Omar Zenhom founded WebinarNinja, an all-inclusive, easy-to-use webinar platform to teach, improve marketing, and grow sales. With over a decade of experience in entrepreneurship, Omar brings a wealth of practical insights into generating passive leads and sales with webinars. Omar and WebinarNinja have been featured in Inc, Forbes, Fast Company, Entrepreneur, and Product Hunt. He is also the host of the Best of iTunes podcast - The $100 MBA Show.
Yes, you can just use your computer’s camera and mic for a webinar.
But no, you shouldn’t.
When you decide to make webinars part of your business strategy, go all in and do it right! While webinars are the perfect tool to build trust by being all personable and relatable, you still want to come off as professional. That means investing in the right hardware.
This. Stuff. Matters.
We always preach that a great small business — especially a coaching or training-based business — is built on trust. Consumer decisions are fundamentally emotional; even when we think we’re making a logical purchase, we’re almost always buying because of feelings. Because of impressions.
No one will see what camera you’re using, but they will see a pro, or a poseur. They won’t care what mic is in front of you, but they will hear an authority, or an amateur. Coming off as professional doesn’t just impress — it makes people feel safe with you.
Here’s what you need:
Best Mic for Webinars: The AudioTechnica ATR2100
We know microphones. As the host of over 1,400 episodes of The $100 MBA Show podcast, I’ve tried roughly 8 gagillion of them. There are more expensive microphones out there, like those from Heil, but the absolute best value out there is the good ol’ ATR.
It’s $80. You can certainly spend less, but if it’s within your budget, go get this thing.
Mics are like wine: there’s a really noticeable difference between the cheapest ones and everything else, but once you go beyond a certain price range, only the truest connoisseurs can tell one from another. The difference in sound quality between a $40 mic and the ATR is immense.

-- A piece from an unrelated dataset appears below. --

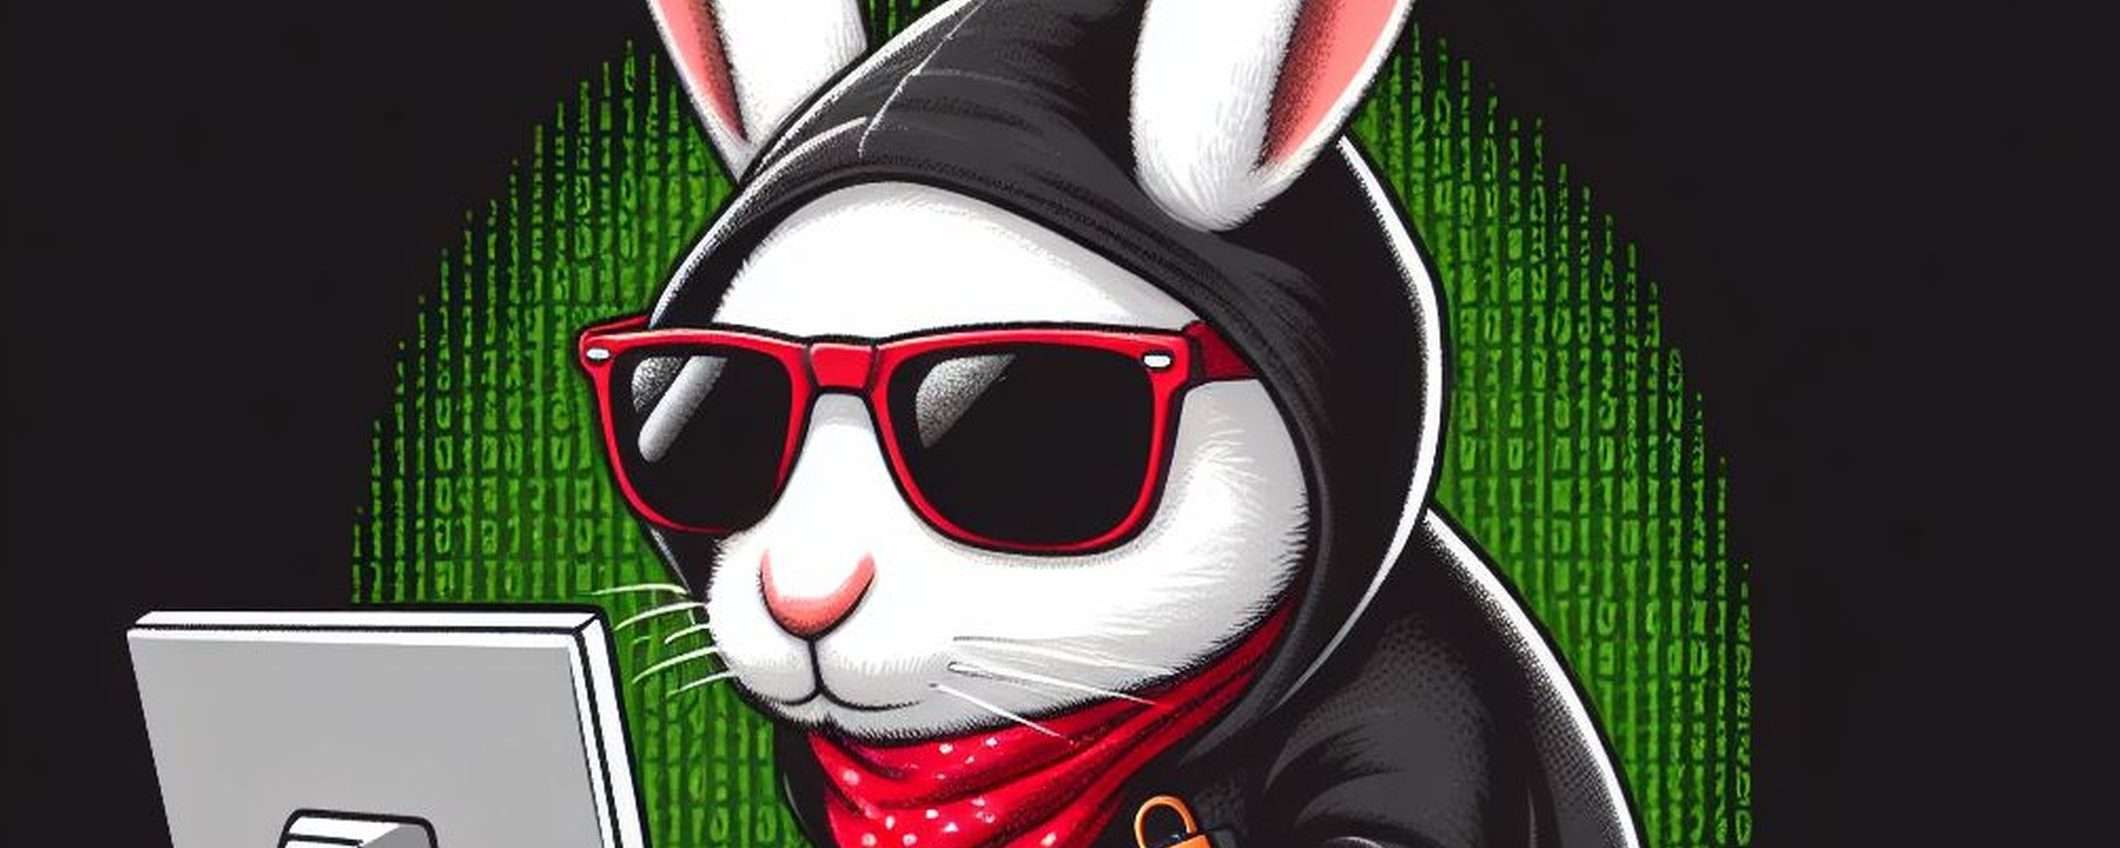 BunnyLoader: nuovo e pericoloso Malware-as-a-Service

Beyond that, you’re in sommelier territory.
This is a USB mic, so you plug it right into the computer, and off you go. You will need somewhere to put it, though, so I recommend getting a cheap boom arm like this one on Amazon for about $13.
Honorable mention: The Movo M1 USB lavalier microphone is great if you want a clip-on, for that late night talk show vibe.
The AudioTechnica ATR2100: The best argument against mic drops.
The Logitech Brio: The best camera for your webinar. Like, ever.
Best Webcam for Webinars: The Logitech Brio
Again, are there more expensive webcams out there? Goodness yes there are. You can spend 4 figures on something that would make Spielberg proud. But we’re talking value here, not price. And by that standard, nothing beats the Logitech Brio Ultra HD.
It’s about $200. Not exactly pocket change, but worth every cent.
The video quality is incredible. It has a host of bells and whistles that make automatic adjustments so the picture is always perfect, even if you know next to nothing about how it all works. I’ve got one strapped to my desktop as we speak, and I use it for all of my own webinars and content videos.
Honorable Mention: The Logitech C920 comes in at about half the price, and is almost as good. If your budget is a little tighter, I’d definitely go with this.
Best Lighting for Webinars: The UBeesize 10” Ring Light
This might be the most overlooked, but totally important piece of hardware you can invest in.
Lighting makes a huge difference in how you appear on screen. If you don’t believe me, just ask any of those Instagram “influencers” I keep hearing about, or Google “before and after using ring light.” You don’t have to be a supermodel to utilize good lighting. You just have to get yourself a UBeesize.
It’s about $45 with a tripod (and a phone holder for high-grade selfies).
The UBeesize adjusts to 33 different levels and tones of light, so you can really play with it and find the perfect setting for the room you’re in, the time of day, and any other variables that can affect how you look. It swivels and tilts for the right angle, and plugs into your computer via USB.
Honorable Mention: The sun, a star about 92 million miles from Hoboken, New Jersey. If you have the option, natural sunlight is actually better than anything artificial.
The UBeesize Ring Light: The secret to looking 47% better on camera, according to a statistic I just made up.
Every new venture has those pesky one-time costs — at least, you want them to be one-time. The best way to ensure that is to get the right gear from day one, the best you can reasonably afford. For a total budget of less than $350 (less if you go with our Honorable Mentions), you can get all the hardware you need for a truly professional webinar.